Specifically, here is my now-correct mat4 multiplication implementation, assuming col-major matrices:

fm4 mulfm4(fm4 a, fm4 b)
{
  return fm4
    { { a.x[0]*b.x[0] + a.y[0]*b.x[1] + a.z[0]*b.x[2] + a.w[0]*b.x[3], a.x[1]*b.x[0] + a.y[1]*b.x[1] + a.z[1]*b.x[2] + a.w[1]*b.x[3], a.x[2]*b.x[0] + a.y[2]*b.x[1] + a.z[2]*b.x[2] + a.w[2]*b.x[3], a.x[3]*b.x[0] + a.y[3]*b.x[1] + a.z[3]*b.x[2] + a.w[3]*b.x[3] },
      { a.x[0]*b.y[0] + a.y[0]*b.y[1] + a.z[0]*b.y[2] + a.w[0]*b.y[3], a.x[1]*b.y[0] + a.y[1]*b.y[1] + a.z[1]*b.y[2] + a.w[1]*b.y[3], a.x[2]*b.y[0] + a.y[2]*b.y[1] + a.z[2]*b.y[2] + a.w[2]*b.y[3], a.x[3]*b.y[0] + a.y[3]*b.y[1] + a.z[3]*b.y[2] + a.w[3]*b.y[3] },
      { a.x[0]*b.z[0] + a.y[0]*b.z[1] + a.z[0]*b.z[2] + a.w[0]*b.z[3], a.x[1]*b.z[0] + a.y[1]*b.z[1] + a.z[1]*b.z[2] + a.w[1]*b.z[3], a.x[2]*b.z[0] + a.y[2]*b.z[1] + a.z[2]*b.z[2] + a.w[2]*b.z[3], a.x[3]*b.z[0] + a.y[3]*b.z[1] + a.z[3]*b.z[2] + a.w[3]*b.z[3] },
      { a.x[0]*b.w[0] + a.y[0]*b.w[1] + a.z[0]*b.w[2] + a.w[0]*b.w[3], a.x[1]*b.w[0] + a.y[1]*b.w[1] + a.z[1]*b.w[2] + a.w[1]*b.w[3], a.x[2]*b.w[0] + a.y[2]*b.w[1] + a.z[2]*b.w[2] + a.w[2]*b.w[3], a.x[3]*b.w[0] + a.y[3]*b.w[1] + a.z[3]*b.w[2] + a.w[3]*b.w[3] } };
}

again, the above implementation is for column major matrices. That means that a.x is the first column of the matrix, not the row.

0
votes

A key thing to notice is that the view_mat_t * proj_mat_t on the CPU matched the proj_mat * view_mat on the GPU. Does anyone know why?

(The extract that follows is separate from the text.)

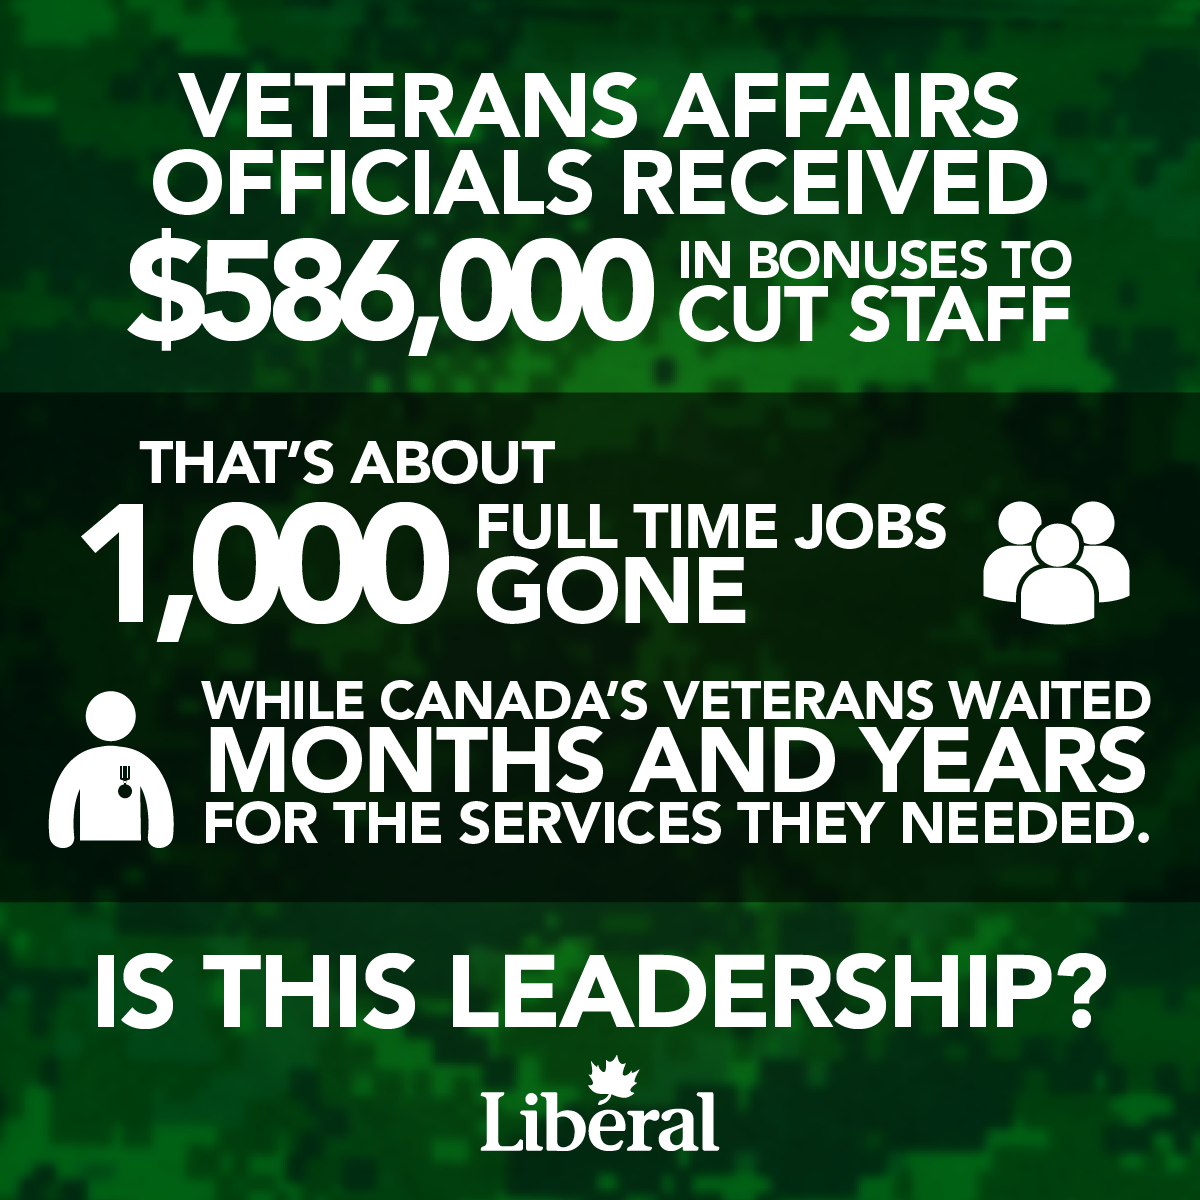 Veterans Affairs officials received $586,000 in bonuses to cut staff. That’s about 1000 full time jobs gone. While Canada’s Veterans waited months and years for the services they needed. Is this Leadership?

The reason for this is that for two matrices A, B: A * B = (B' * A')', where ' indicates the transpose operation. As already pointed out by yourself, your math code (as well as popular math libraries such as GLM) uses a row-major representation of matrices, while OpenGL (by default) uses a column-major representation. What this means is that the matrix A,

    (a b c)
A = (d e f)
    (g h i)

in your CPU math library is stored in memory as [a, b, c, d, e, f, g, h, i], whereas defined in a GLSL shader, it would be stored as [a, d, g, b, e, h, c, f, i]. So if you upload the data [a, b, c, d, e, f, g, h, i] of the GLM matrix with glUniformMatrix3fv with the transpose parameter set to GL_FALSE, then the matrix you will see in GLSL is

     (a d g)
A' = (b e h)
     (c f i)

which is the transposed original matrix. Having realized that changing the interpretation of the matrix data between row-major and column-major leads to a transposed version of the original matrix, you can now explain why suddenly the matrix multiplication works the other way around. Your view_mat_t and proj_mat_t on the CPU are interpreted as view_mat_t' and proj_mat_t' in your GLSL shader, so uploading the pre-calculated view_mat_t * proj_mat_t to the shader will lead to the same result as uploading both matrices separately and then calculating proj_mat_t * view_mat_t.